## RAW DATA
========
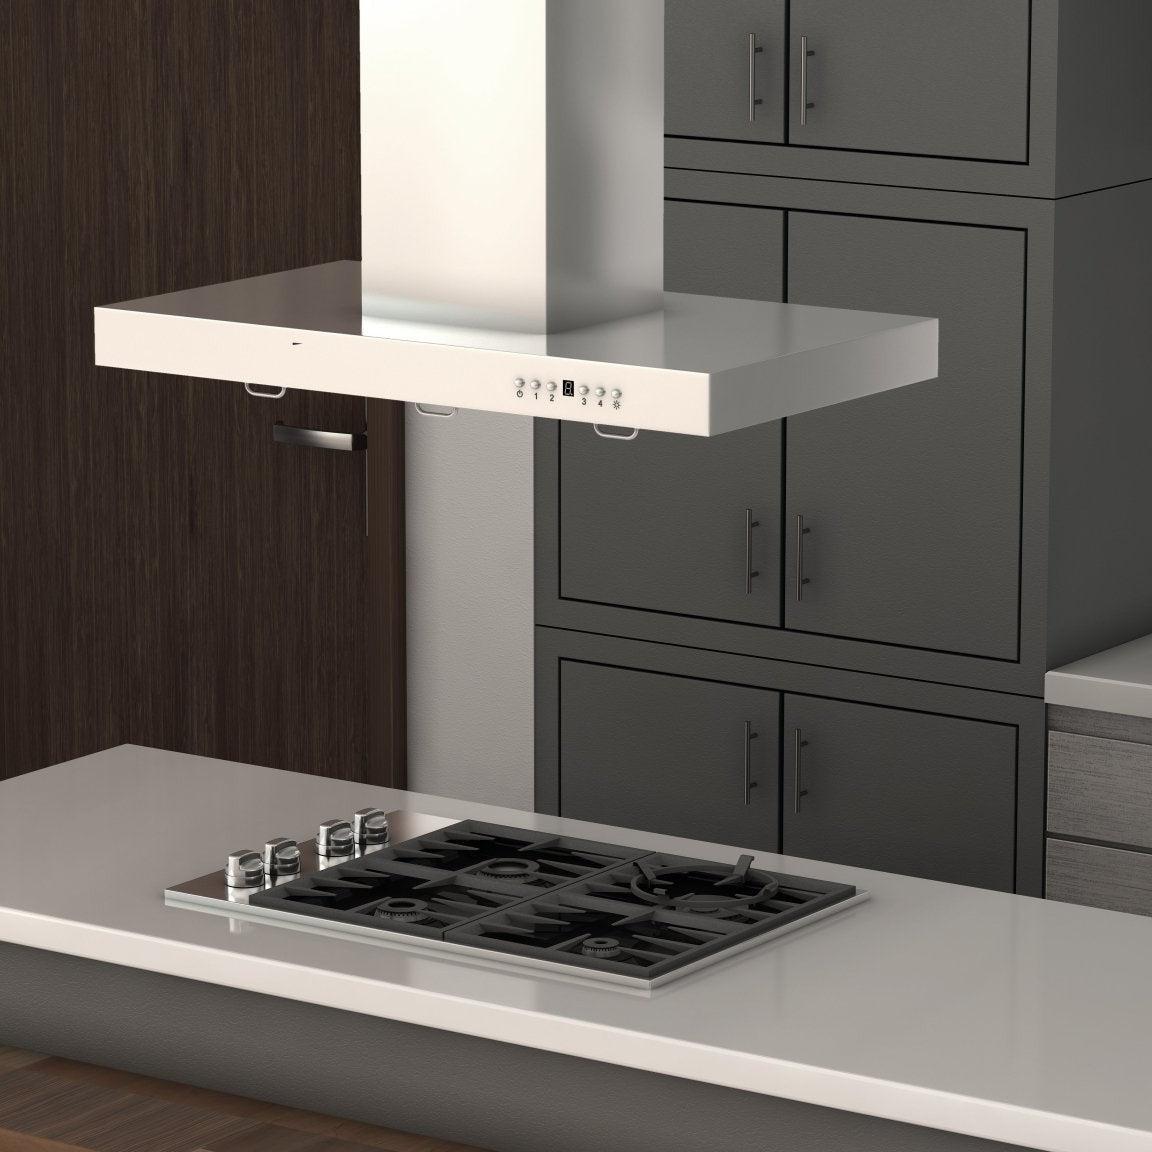 ZLINE Convertible Vent Island Mount Range Hood in Stainless Steel (KE2i) in modern luxury kitchen above cooktop with white countertop side view
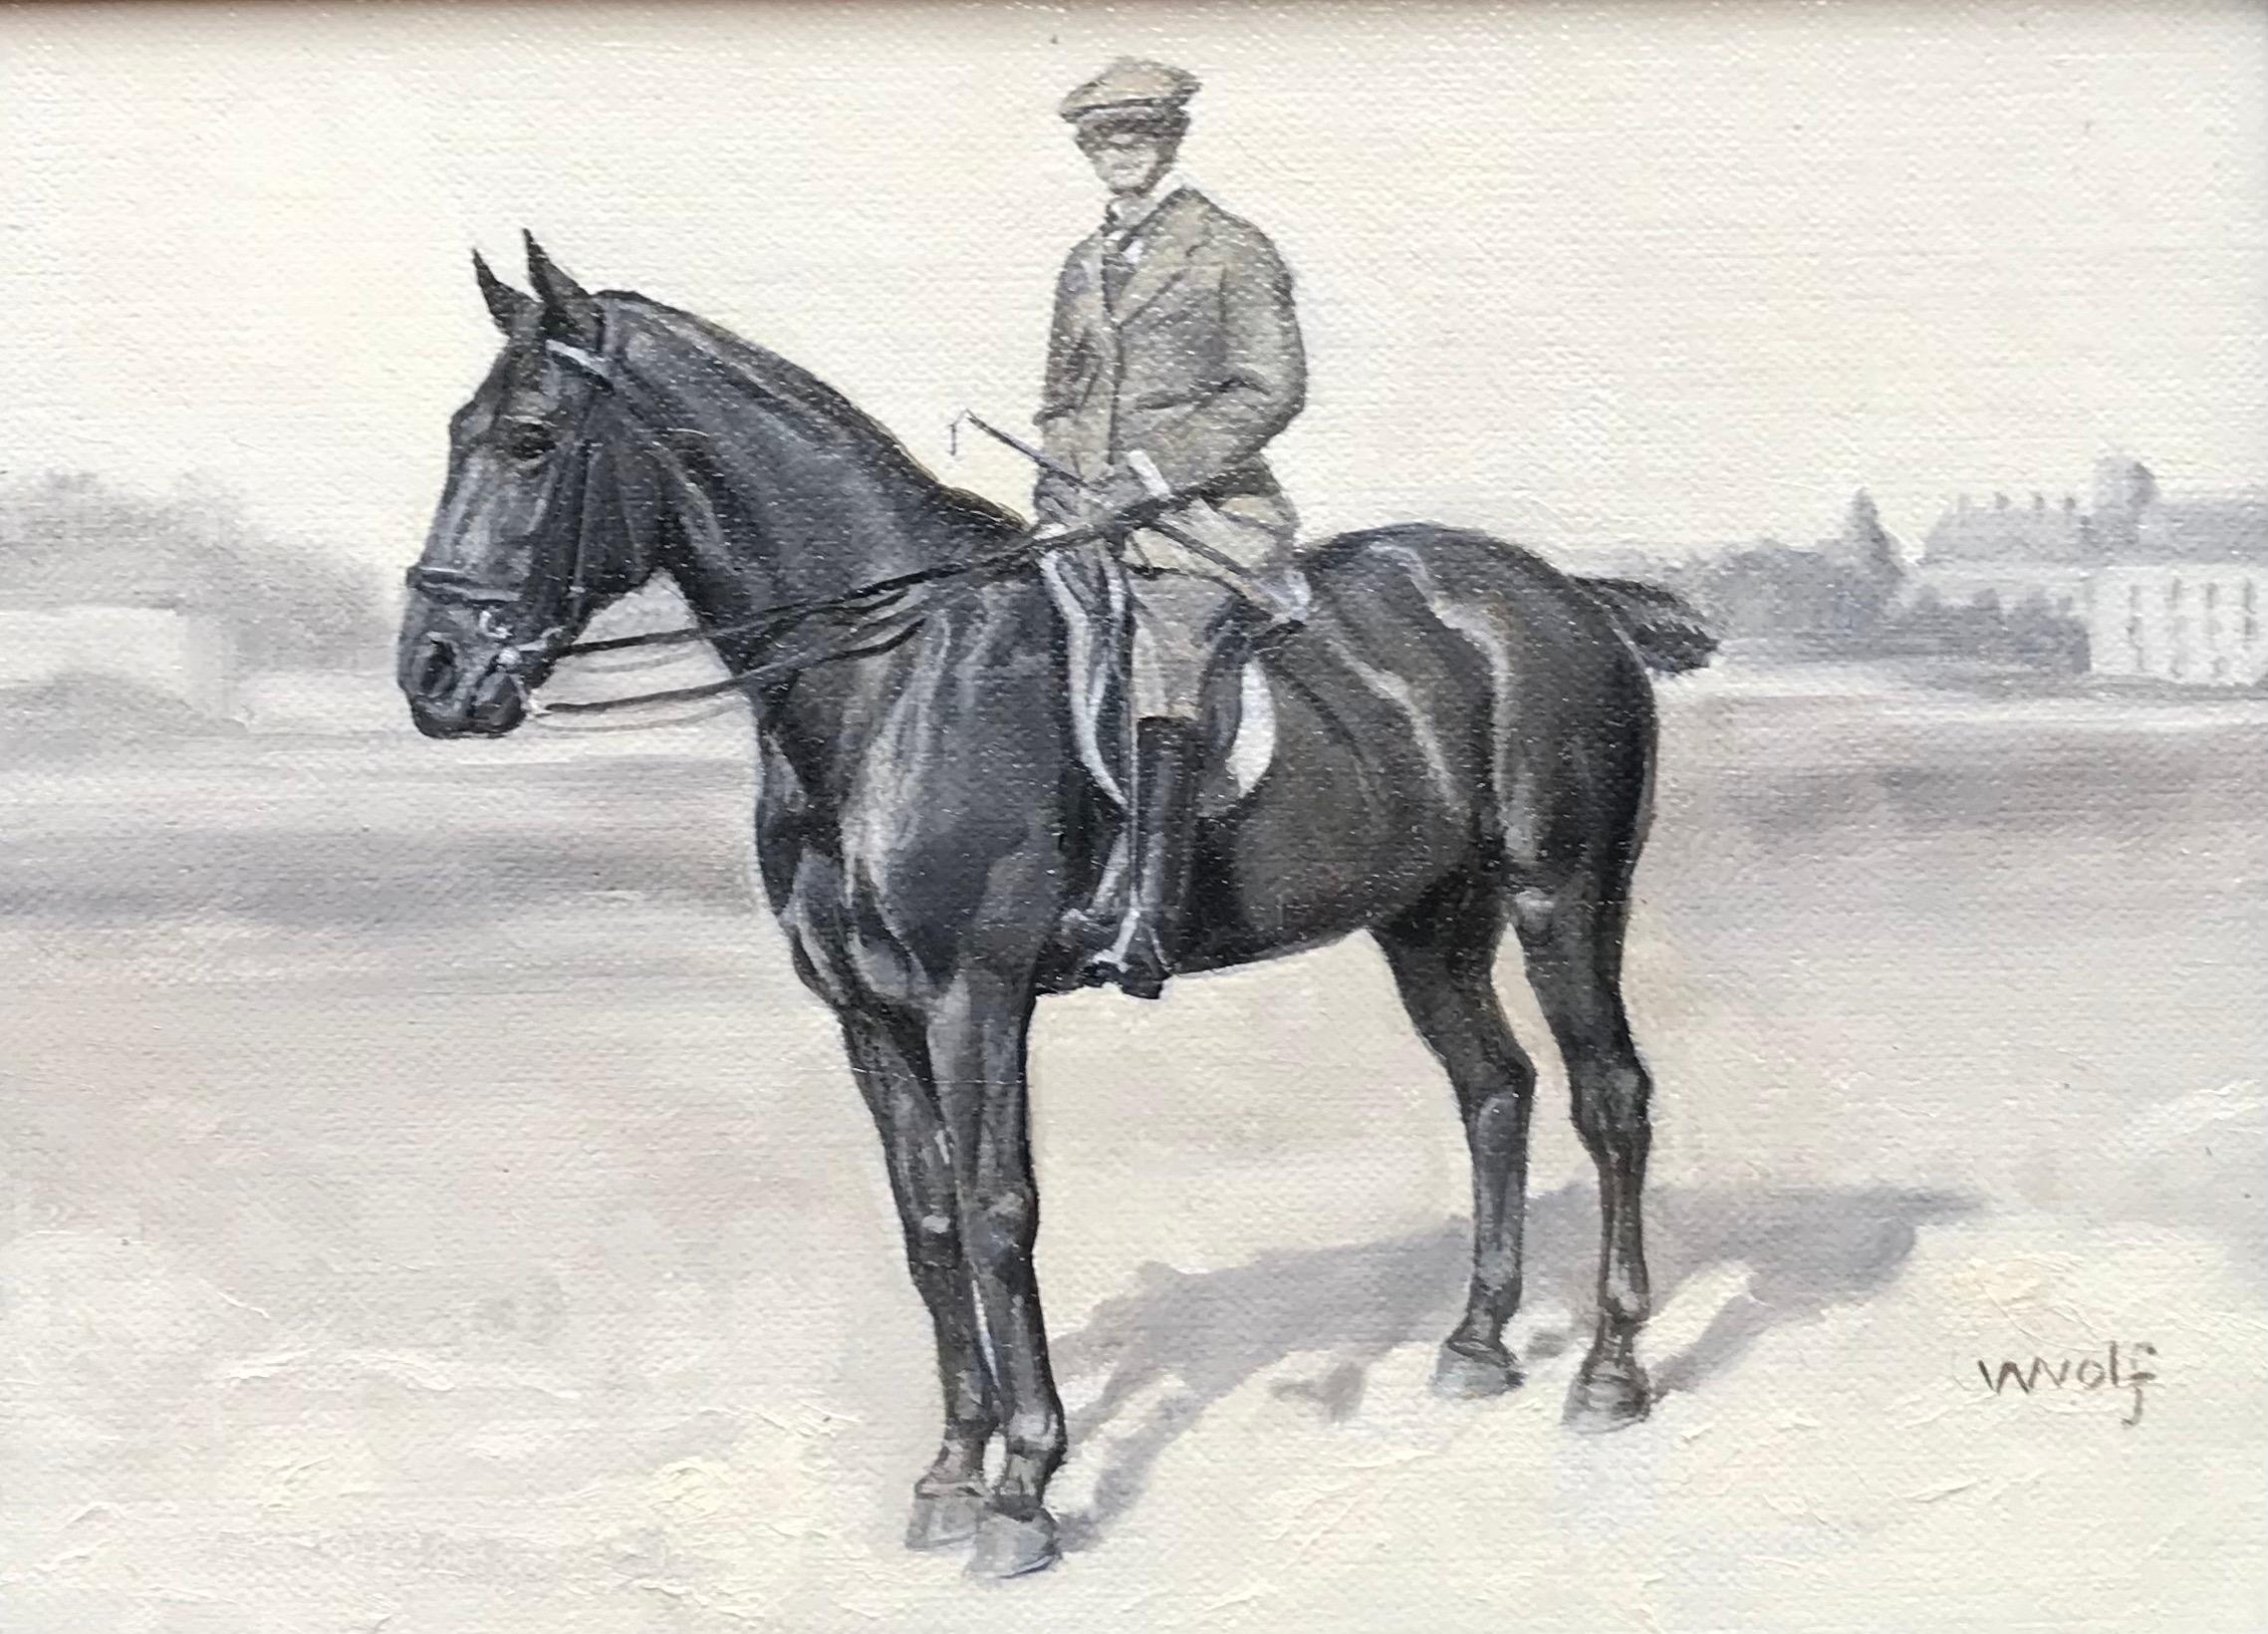 Valarie Wolf Animal Painting - Black and White Oil Horse Painting with Man with Cap Donned  Vintage Attire
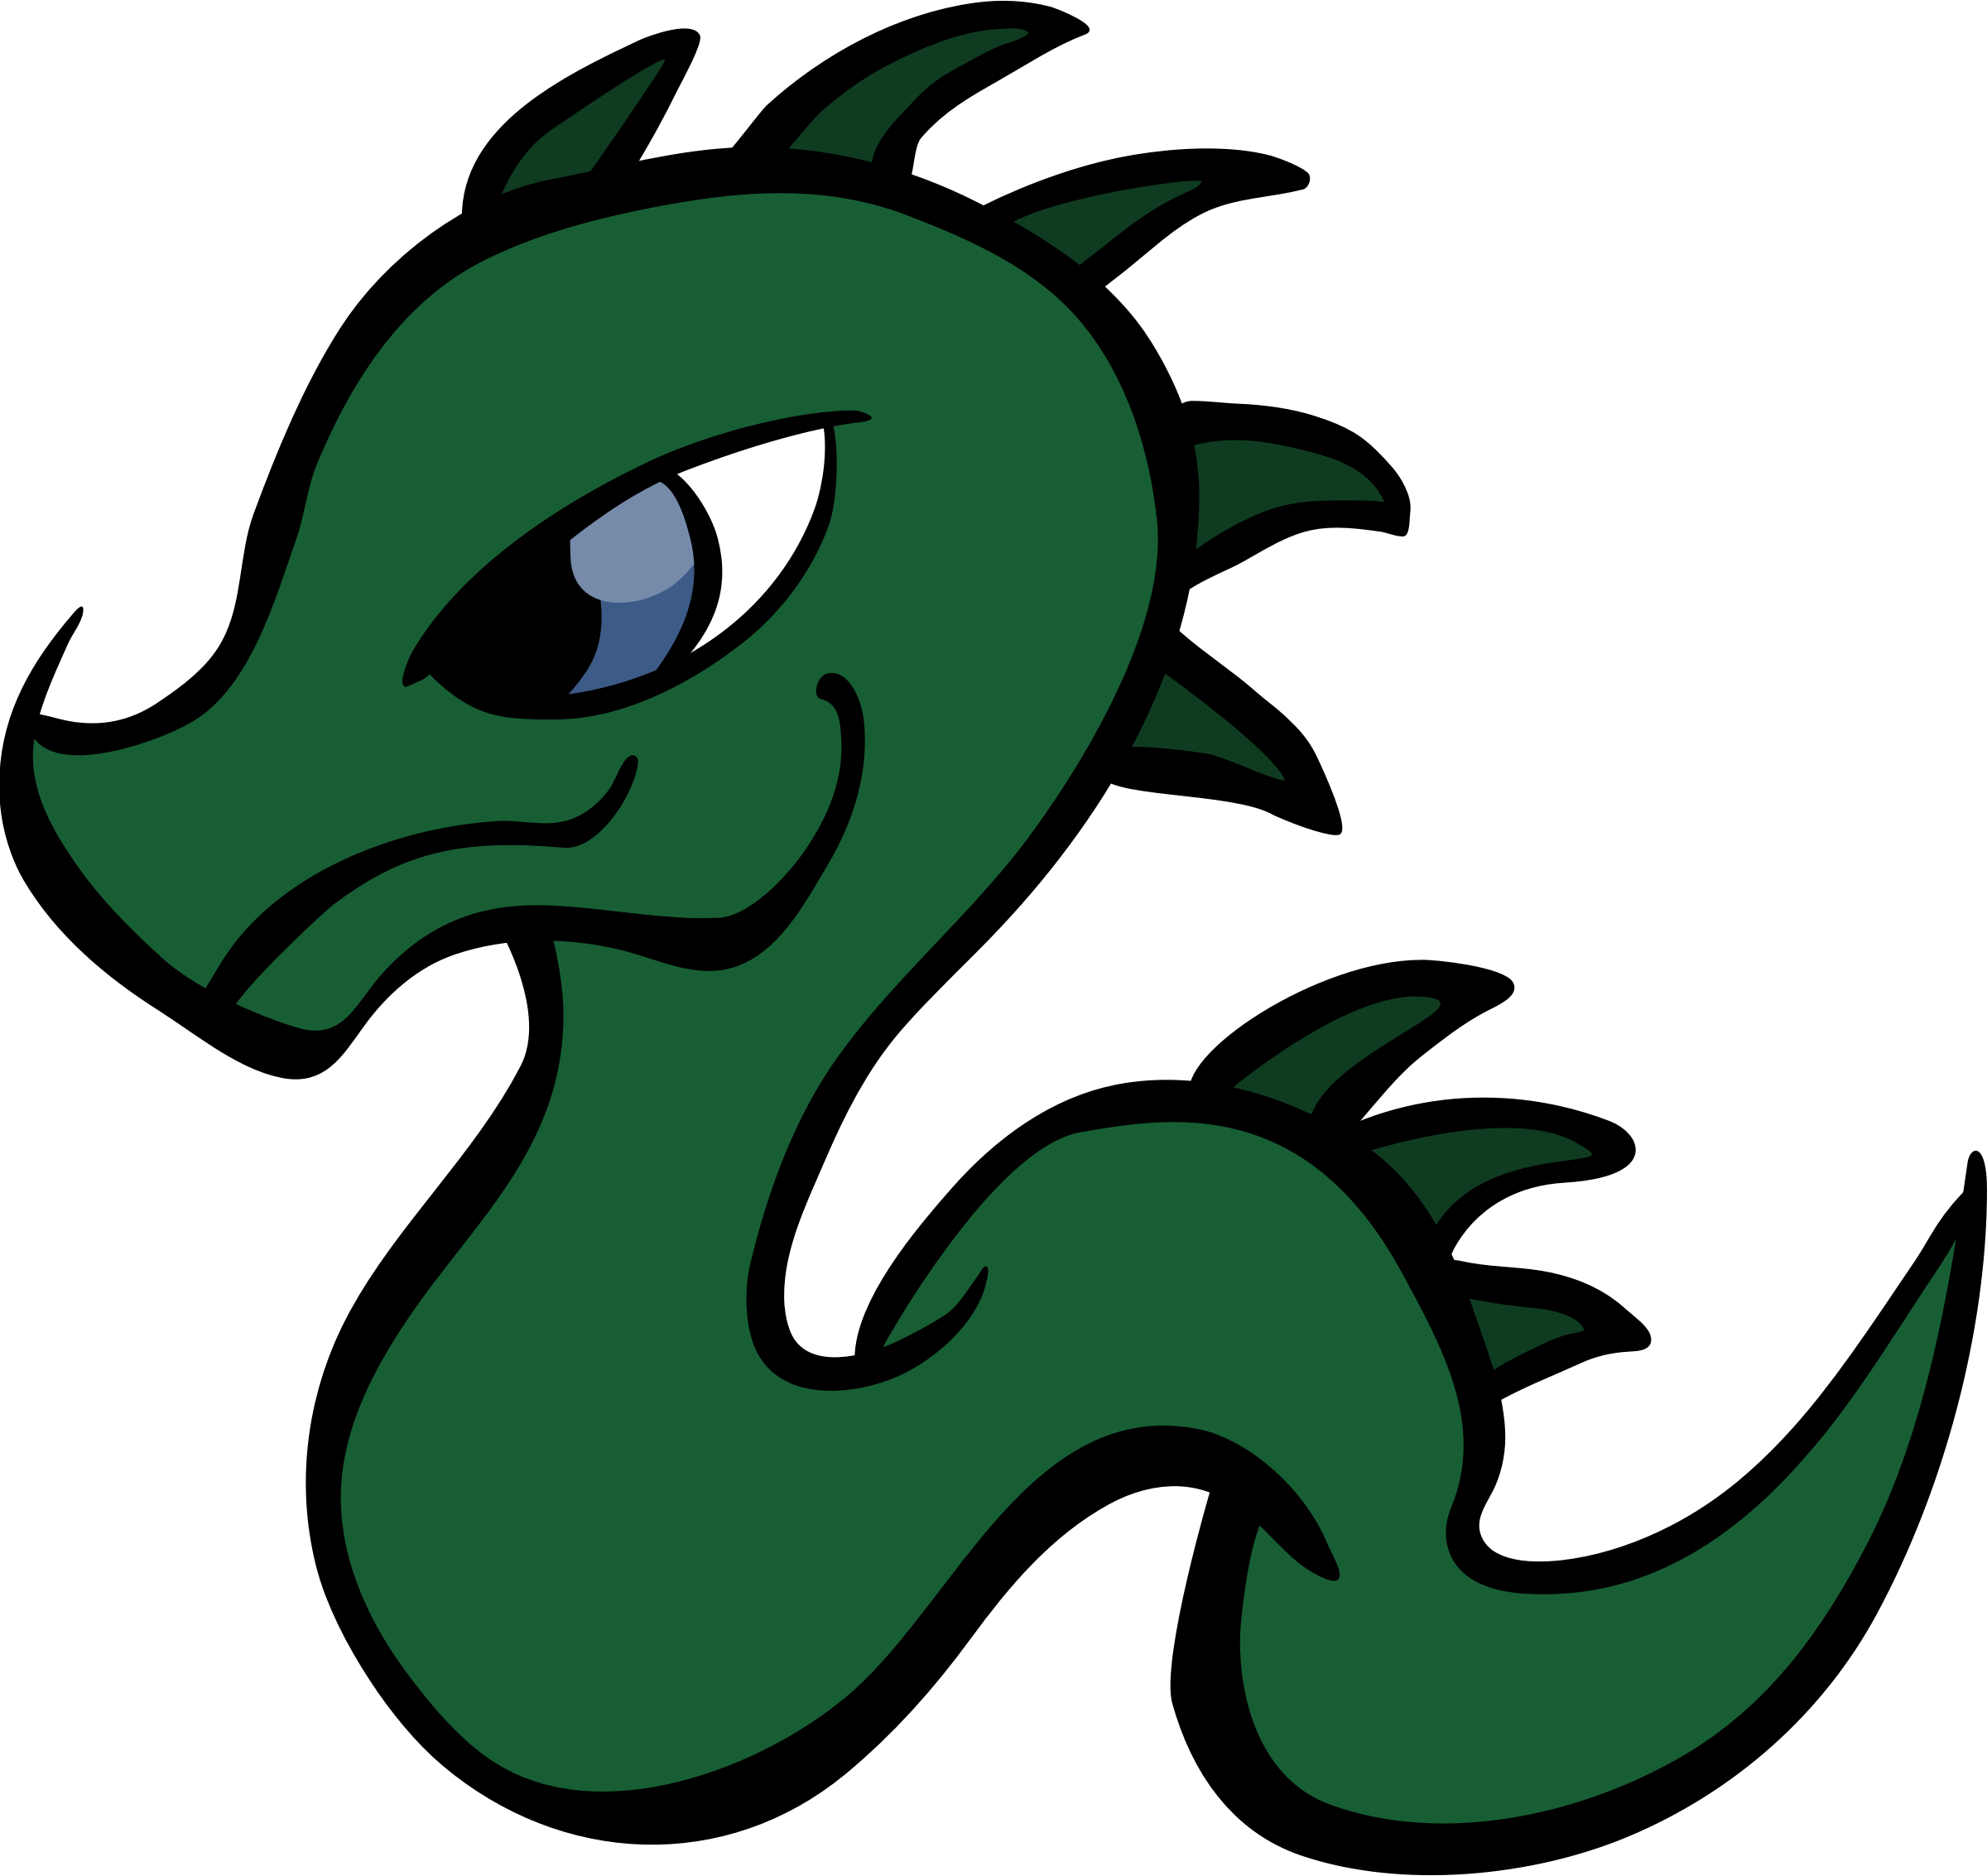 Baby Dragon Vector Clipart image Free stock photo
========
The whole listing above, line by line, needs to be copied exactly, except for any images.

## RESULT BELOW
 ZLINE Convertible Vent Island Mount Range Hood in Stainless Steel (KE2i) in modern luxury kitchen above cooktop with white countertop side view
 Valarie Wolf Animal Painting - Black and White Oil Horse Painting with Man with Cap Donned  Vintage Attire
 Baby Dragon Vector Clipart image Free stock photo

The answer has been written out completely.